EMBARADO July 16, 2016 at 16:06

where I’m from the term means wife and is not a put down


Matthew July 8, 2015 at 12:56

Do you have an article on how to choose safe bodies of water to harvest from? I am always paranoid of what water to harvest from, so I never get to try plants that grow in water.


Don May 20, 2014 at 14:25

Do you think this is where Katniss, heroine of the movie The Hunger Games, got her name? All about the arrow. As for the Native Americans and duck potatoes… yes, they go good with roast duck!

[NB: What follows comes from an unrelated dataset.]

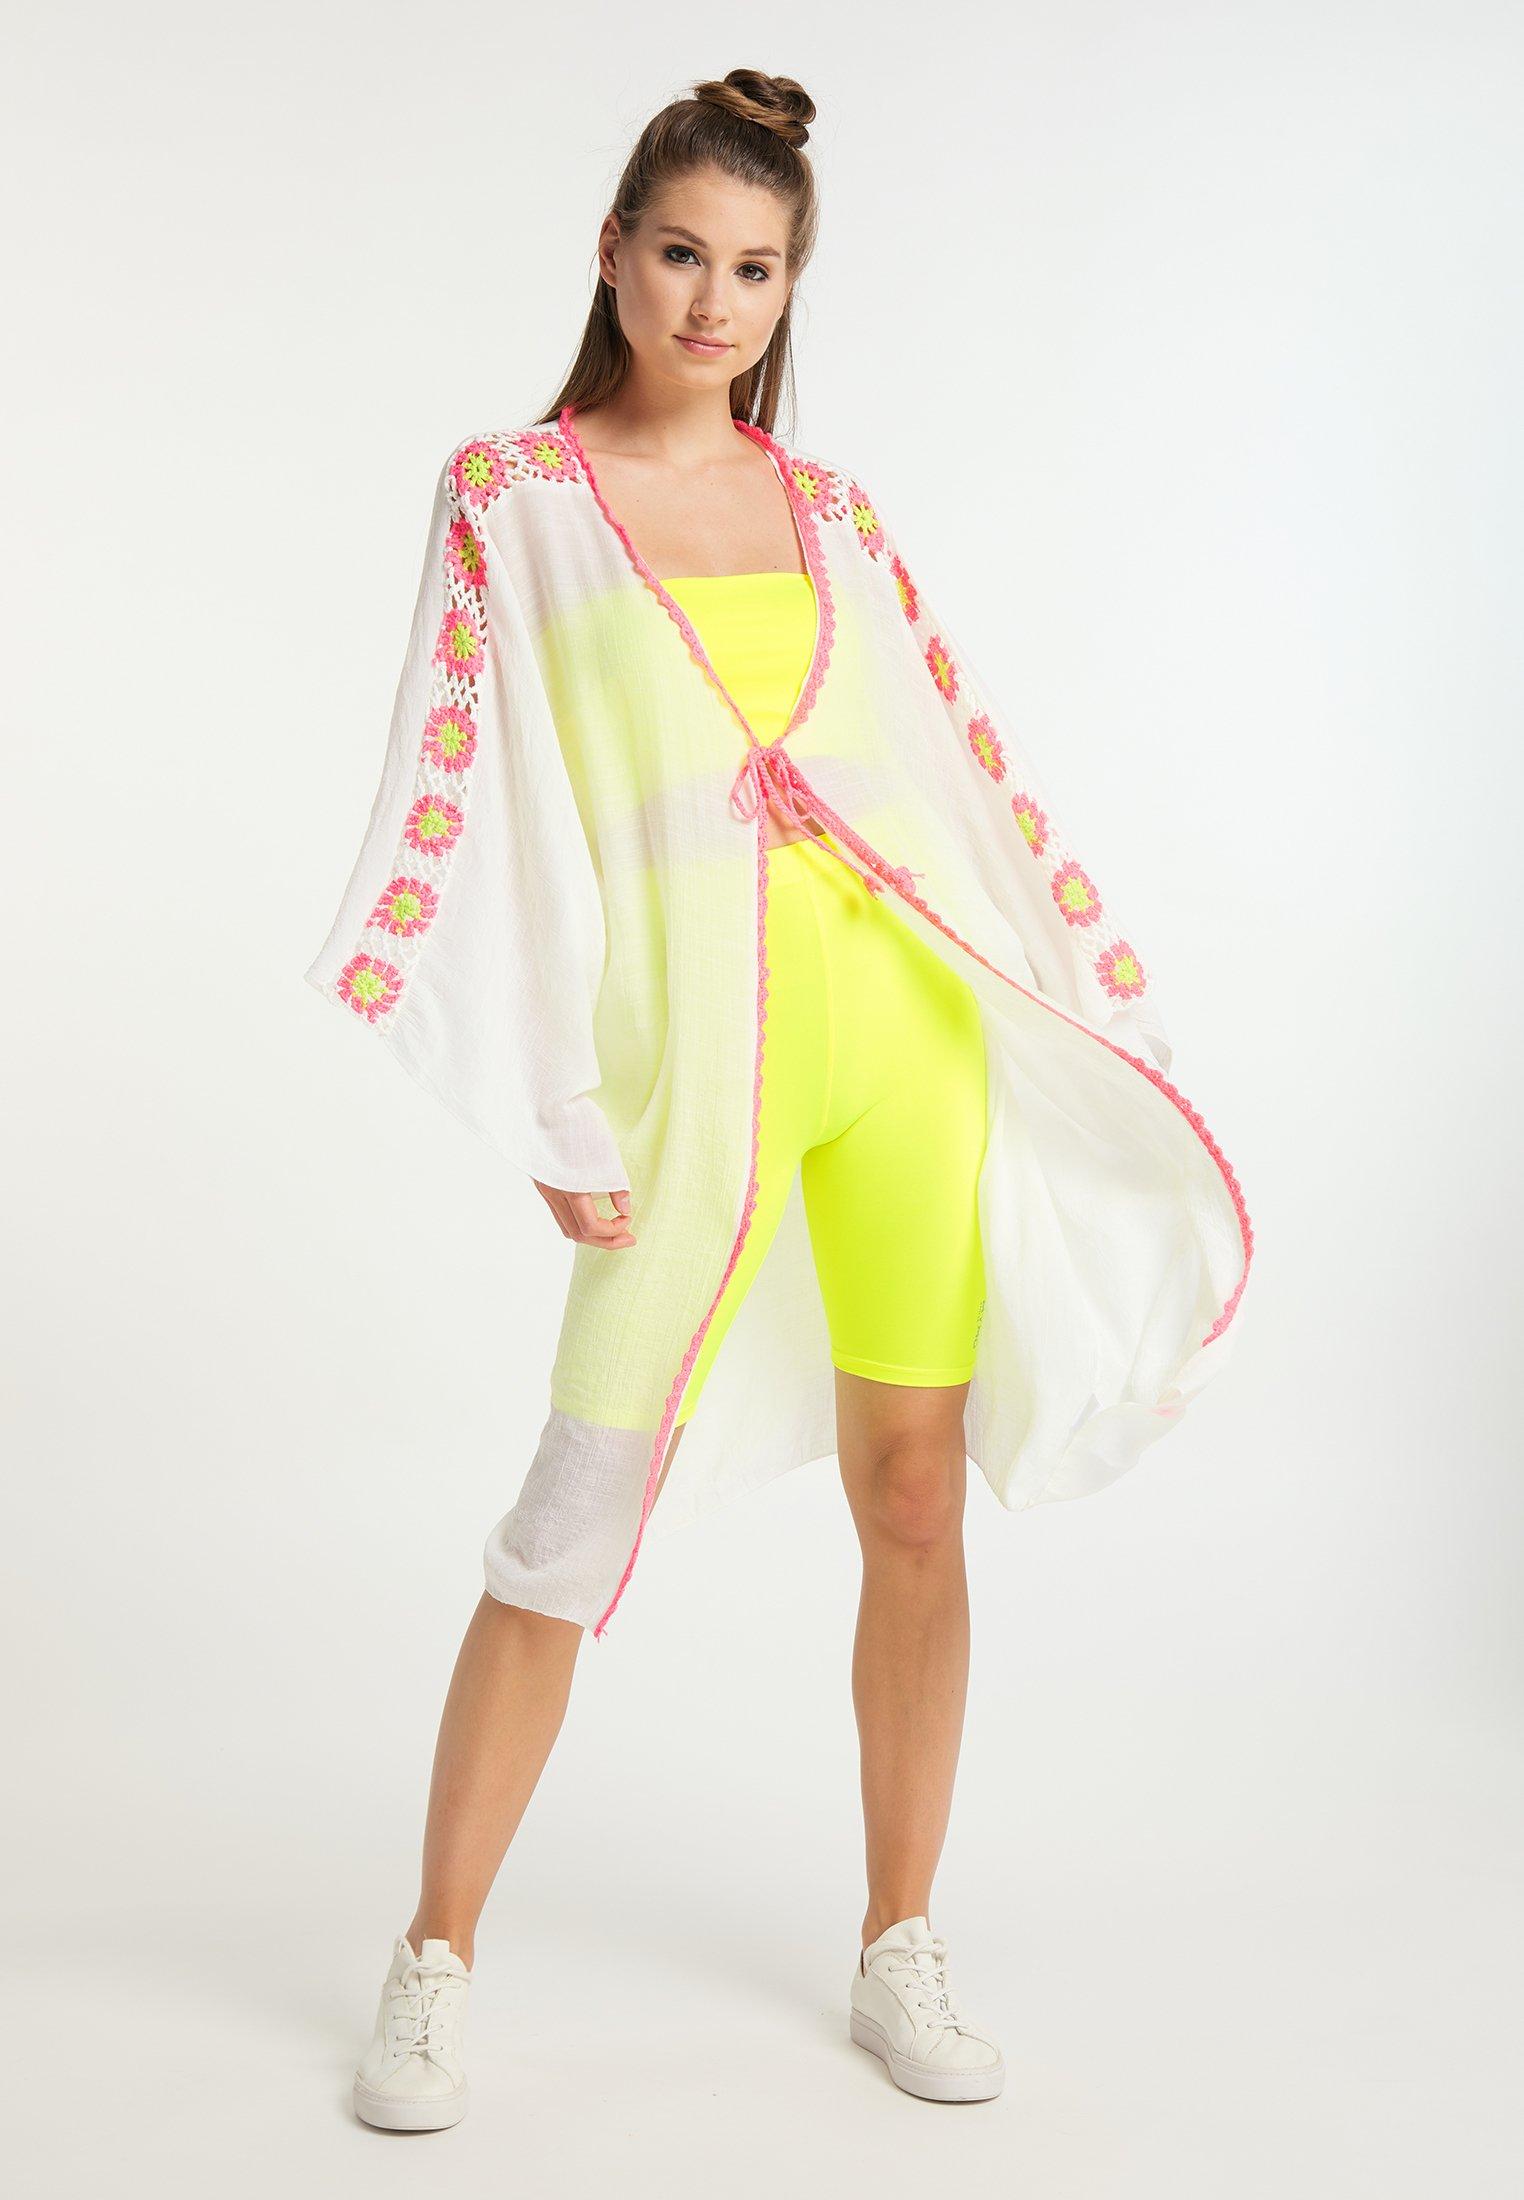 Clearance Women's Clothing myMo Beach accessory wollweiss m1mhB3NTE

David Shoeman July 2, 2017 at 06:25

Most definitely, considering her sister was also named after the primrose plant. My question… was Peeta named after pita because he made bread? These are the real questions our governments need to answer.


Mitzi August 6, 2013 at 11:38

Location coastal PB County. May’ve planted lancifolia by mistake-there are only rare arrowhead shaped leaves in the tubs, mostly look like your photo for lancifolia above. The tubers are garbanzo bean sized. Is it possible to use such small tubers without peeling? maybe in stir fries?? I’m guessing that the size of a Latifolia ready for harvest would be at least water chestnut size (which I’m growing in other tubs) Guess I just have to utilize the leaves/lower stems and start over…sigh…


Green Deane August 6, 2013 at 13:58

I don’t think the peeling is very harmful but it might not taste good.


Annie January 1, 2017 at 20:01

I simmer or steam the little ones, then just pop them open (after cooling a bit) and eat the inside. Good snack.


Mitzi August 4, 2013 at 17:11

I planted some last March and after they filled their tub I pulled several “daughters” and planted in other tubs which they have now filled too. Do you think they (Mama tub) would be ready for tuber harvest by now??


Green Deane August 4, 2013 at 18:25

Depend on where you live. Take a sneek peak.


CeLia July 20, 2013 at 17:00

We slice them thinly, throw in some salt and let the moisture evaporate a tad before frying em in oil as homemade chips. Usually pretty expensive so only indulged during Chinese New Year’s festivities. The Cantonese calls them ‘Nga Ku’. 🙂


Tammy October 27, 2011 at 22:04

I knew them as arrowheads but I didn’t know they were edible. What part do you make the flour with do you boil it to make the flour or do you grind it? Great article! I alway learn something new from your work!


Green Deane October 27, 2011 at 22:12

The starch is gotten two ways. Cook the tubers, slice them, dry them, grind into flour. Or, crush fresh tubers in water and let the starch settle then pour off the water, similar to what one can do with cattail rhizomes.